## [Task description]
Return all the lines below, exactly as they read.

___ Data

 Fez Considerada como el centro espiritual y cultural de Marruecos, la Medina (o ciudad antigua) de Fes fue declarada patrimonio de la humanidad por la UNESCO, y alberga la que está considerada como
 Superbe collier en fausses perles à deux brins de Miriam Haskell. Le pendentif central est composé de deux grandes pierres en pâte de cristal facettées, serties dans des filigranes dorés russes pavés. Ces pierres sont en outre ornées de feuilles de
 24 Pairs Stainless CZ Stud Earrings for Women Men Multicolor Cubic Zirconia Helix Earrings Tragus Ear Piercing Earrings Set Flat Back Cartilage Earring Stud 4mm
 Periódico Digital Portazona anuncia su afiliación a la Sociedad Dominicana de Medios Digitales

______

## [Reply to the task]
 Fez Considerada como el centro espiritual y cultural de Marruecos, la Medina (o ciudad antigua) de Fes fue declarada patrimonio de la humanidad por la UNESCO, y alberga la que está considerada como
 Superbe collier en fausses perles à deux brins de Miriam Haskell. Le pendentif central est composé de deux grandes pierres en pâte de cristal facettées, serties dans des filigranes dorés russes pavés. Ces pierres sont en outre ornées de feuilles de
 24 Pairs Stainless CZ Stud Earrings for Women Men Multicolor Cubic Zirconia Helix Earrings Tragus Ear Piercing Earrings Set Flat Back Cartilage Earring Stud 4mm
 Periódico Digital Portazona anuncia su afiliación a la Sociedad Dominicana de Medios Digitales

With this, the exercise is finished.